2. The method according to claim 1, wherein the source is derived from or provided by subjects willing to donate blood (blood donors) and / or subjects immunized to produce antibodies against specific targets.
3. The method according to claim 1 or 2, wherein the antibody is a polyclonal antibody.
4. The method according to any one of claims 1 to 3, wherein the red blood cells are not conjugated to a support, supporting substrate, or polymer.

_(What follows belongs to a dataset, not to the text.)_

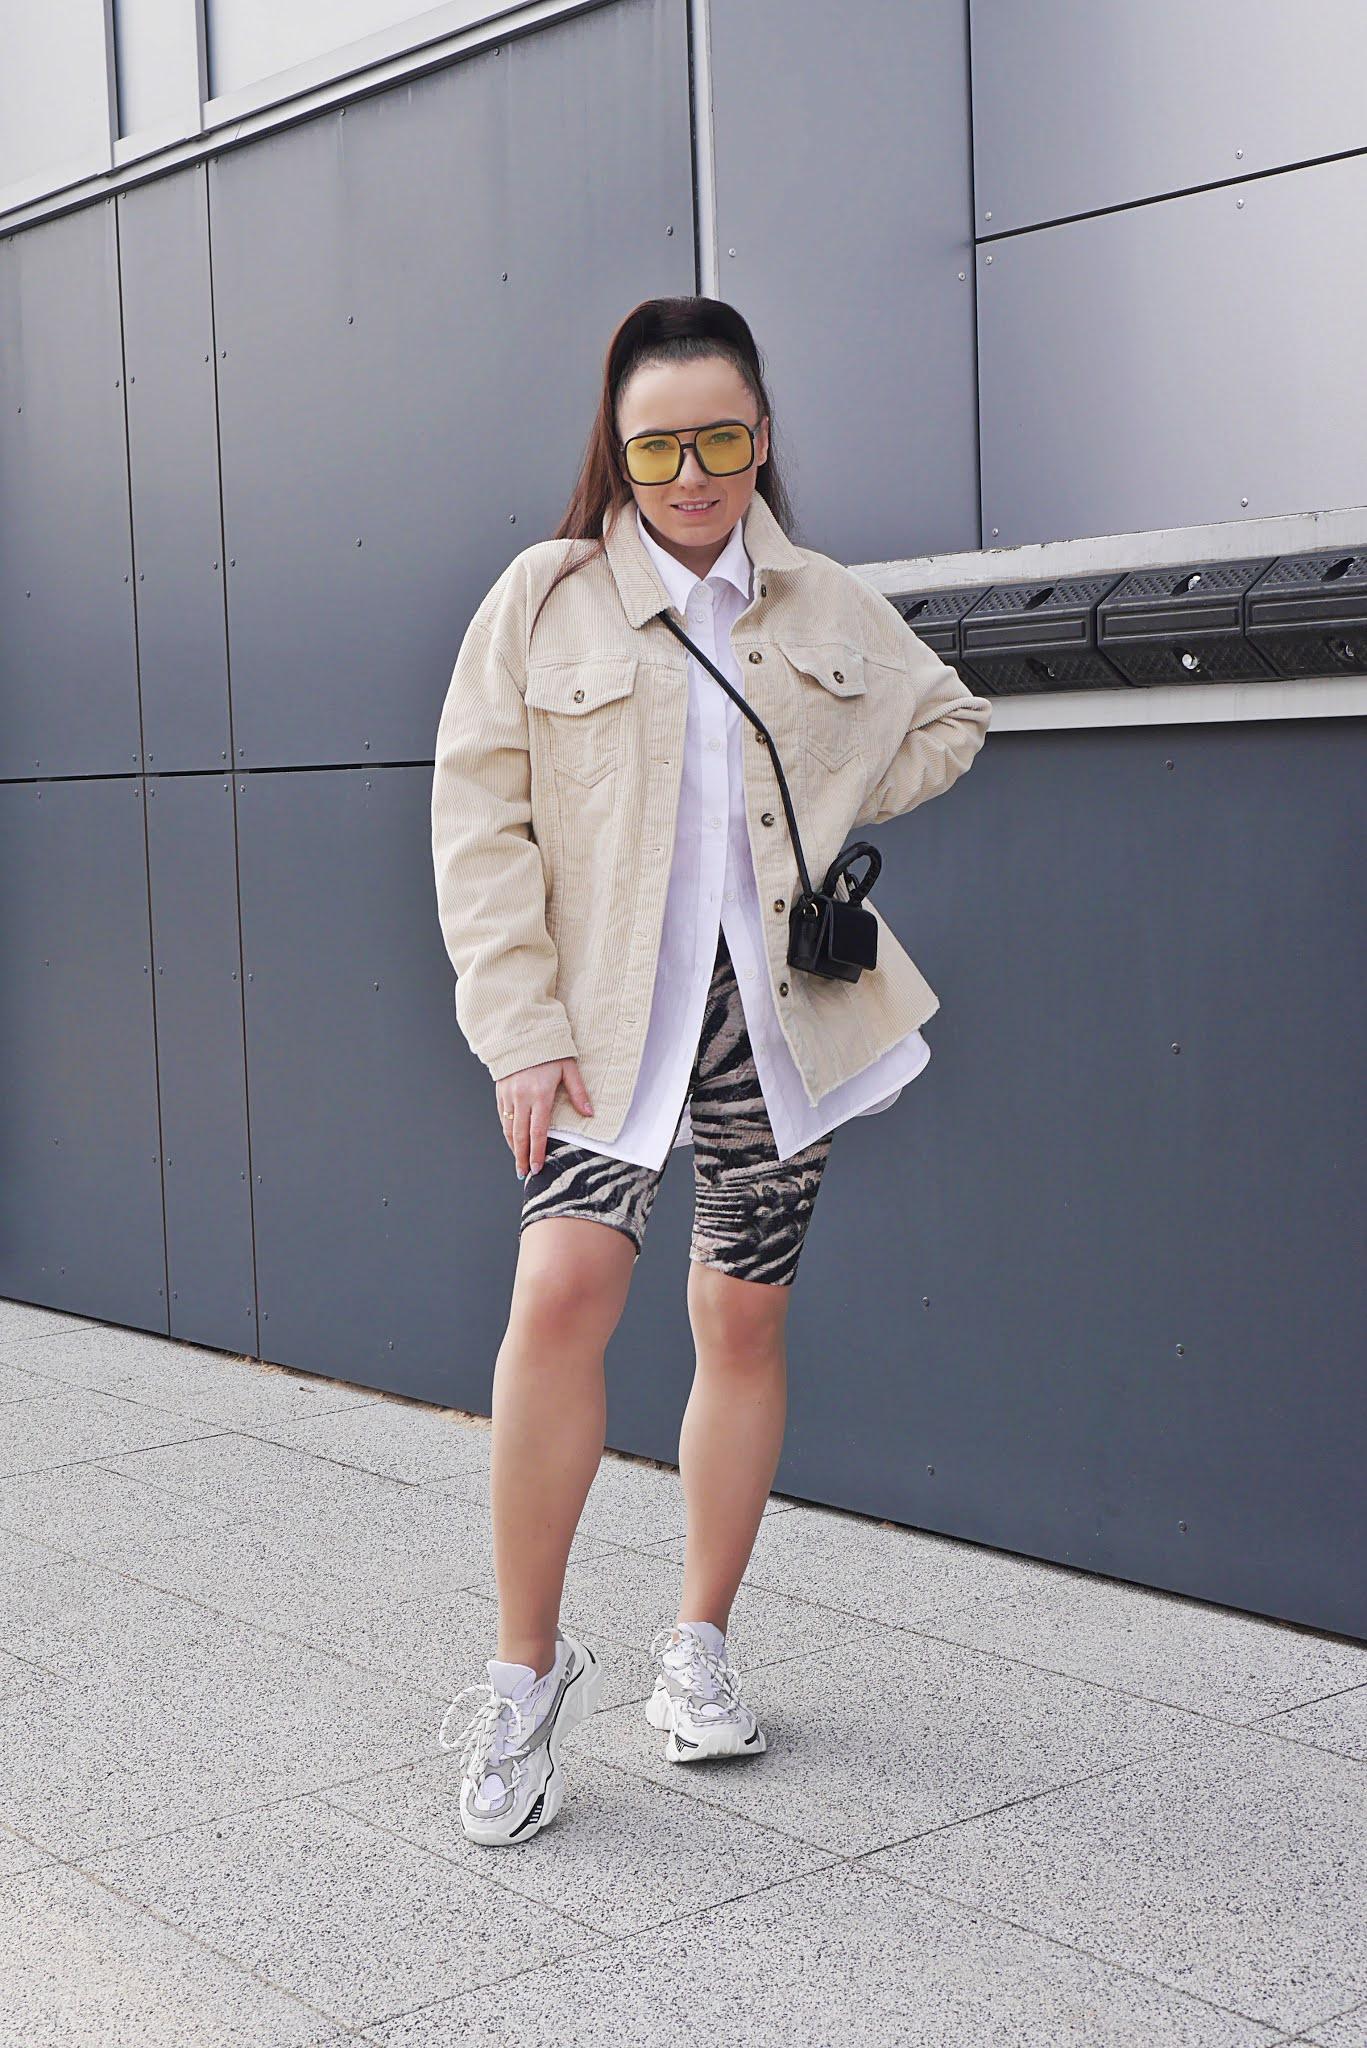 blog modowy blogerka modowa karyn puławy sztruksowa kurtka beżowa bonprix biała koszula oversize kolarki ze wzorem panterka zebra mała torebka żółte okulary aliexpress buty białe sneakersy ccc ugly shoes stylizacja wiosenna look inspiracja

5. The method according to any one of claims 1 to 4, wherein the step of isolating the bound antibody involves dissociating and / or eluting the antibody adsorbed to or bound to red blood cells.
6. The method according to claim 5, wherein the dissociation and / or elution procedure includes heating, rapid freezing / thawing, ultrasonic bath, cell lysis, acid-based elution / dissociation, chilled acid, organic solvent, xylene, chloroform, improved heating / stirring, and chloroquine diphosphate.
7. The method according to claim 5 or 6, wherein the step of isolating the bound antibody involves contacting the antibody / cell complex with an elution buffer.
8. The method according to claim 7, wherein the elution buffer is formulated to cause dissociation of the antibody by acid elution.
9. The method according to claim 7 or 8, wherein the elution buffer comprises or essentially comprises glycine-HCl and NaCl.